For each algorithm, we also introduce its specific implementation in the following Table. The only thing worth noting is that model name should be specified (especially for those models deployed by their corresponding package, e.g., PyOD). The following codes show the example to import AD models. Please see the Table for complete AD models included in ADBench and their import methods.

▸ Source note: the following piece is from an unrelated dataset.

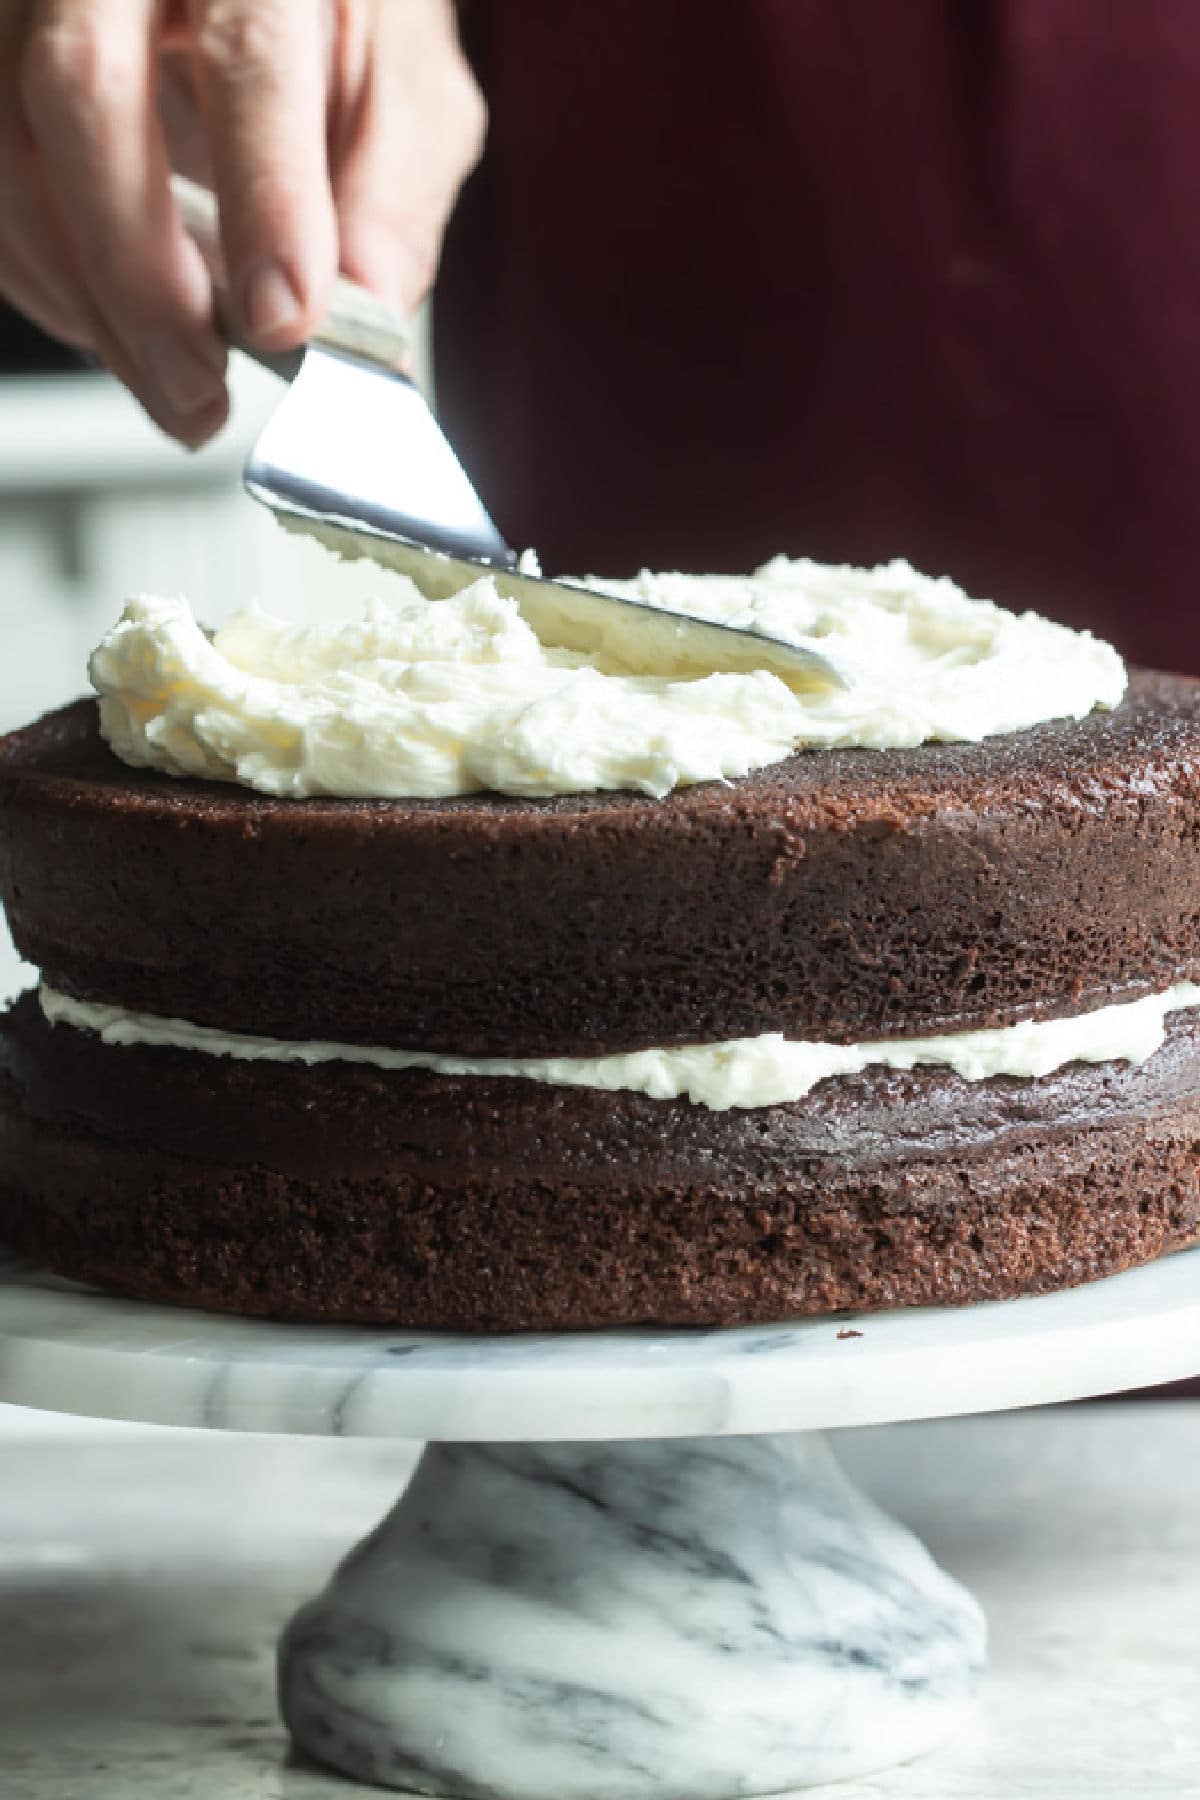 Buttercream frosting being spread on a chocolate layer cake.

from baseline.PyOD import PYOD
model = PYOD(model_name='XGBOD') # initialization
model.fit(X_train, y_train) # fit
score = model.predict_score(X_test) # predict
Model Year Type DL Import Source
PCA Before 2017 Unsup from baseline.PyOD import PYOD Link
OCSVM Before 2017 Unsup from baseline.PyOD import PYOD Link
LOF Before 2017 Unsup from baseline.PyOD import PYOD Link
CBLOF Before 2017 Unsup from baseline.PyOD import PYOD Link
COF Before 2017 Unsup from baseline.PyOD import PYOD Link
HBOS Before 2017 Unsup from baseline.PyOD import PYOD Link
KNN Before 2017 Unsup from baseline.PyOD import PYOD Link
SOD Before 2017 Unsup from baseline.PyOD import PYOD Link
COPOD 2020 Unsup from baseline.PyOD import PYOD Link
ECOD 2022 Unsup from baseline.PyOD import PYOD Link
IForest† Before 2017 Unsup from baseline.PyOD import PYOD Link
LODA† Before 2017 Unsup from baseline.PyOD import PYOD Link
DeepSVDD 2018 Unsup from baseline.PyOD import PYOD Link
DAGMM 2018 Unsup from baseline.DAGMM.run import DAGMM Link
GANomaly 2018 Semi from baseline.GANomaly.run import GANomaly Link
XGBOD† 2018 Semi from baseline.PyOD import PYOD Link
DeepSAD 2019 Semi from baseline.DeepSAD.src.run import DeepSAD Link
REPEN 2018 Semi from baseline.REPEN.run import REPEN Link
DevNet 2019 Semi from baseline.DevNet.run import DevNet Link
PReNet 2020 Semi from baseline.PReNet.run import PReNet /
FEAWAD 2021 Semi from baseline.FEAWAD.run import FEAWAD Link
NB Before 2017 Sup from baseline.Supervised import supervised Link
SVM Before 2017 Sup from baseline.Supervised import supervised Link
MLP Before 2017 Sup from baseline.Supervised import supervised Link
RF† Before 2017 Sup from baseline.Supervised import supervised Link
LGB† 2017 Supervised from baseline.Supervised import supervised Link
XGB† Before 2017 Sup from baseline.Supervised import supervised Link
CatB† 2019 Sup from baseline.Supervised import supervised Link
ResNet 2019 Sup from baseline.FTTransformer.run import FTTransformer Link
FTTransformer 2019 Sup from baseline.FTTransformer.run import FTTransformer Link
  • '†' marks ensembling. This symbol is not included in the model name.
  • Un-, semi-, and fully-supervised methods are denoted as unsup, semi and sup, respectively.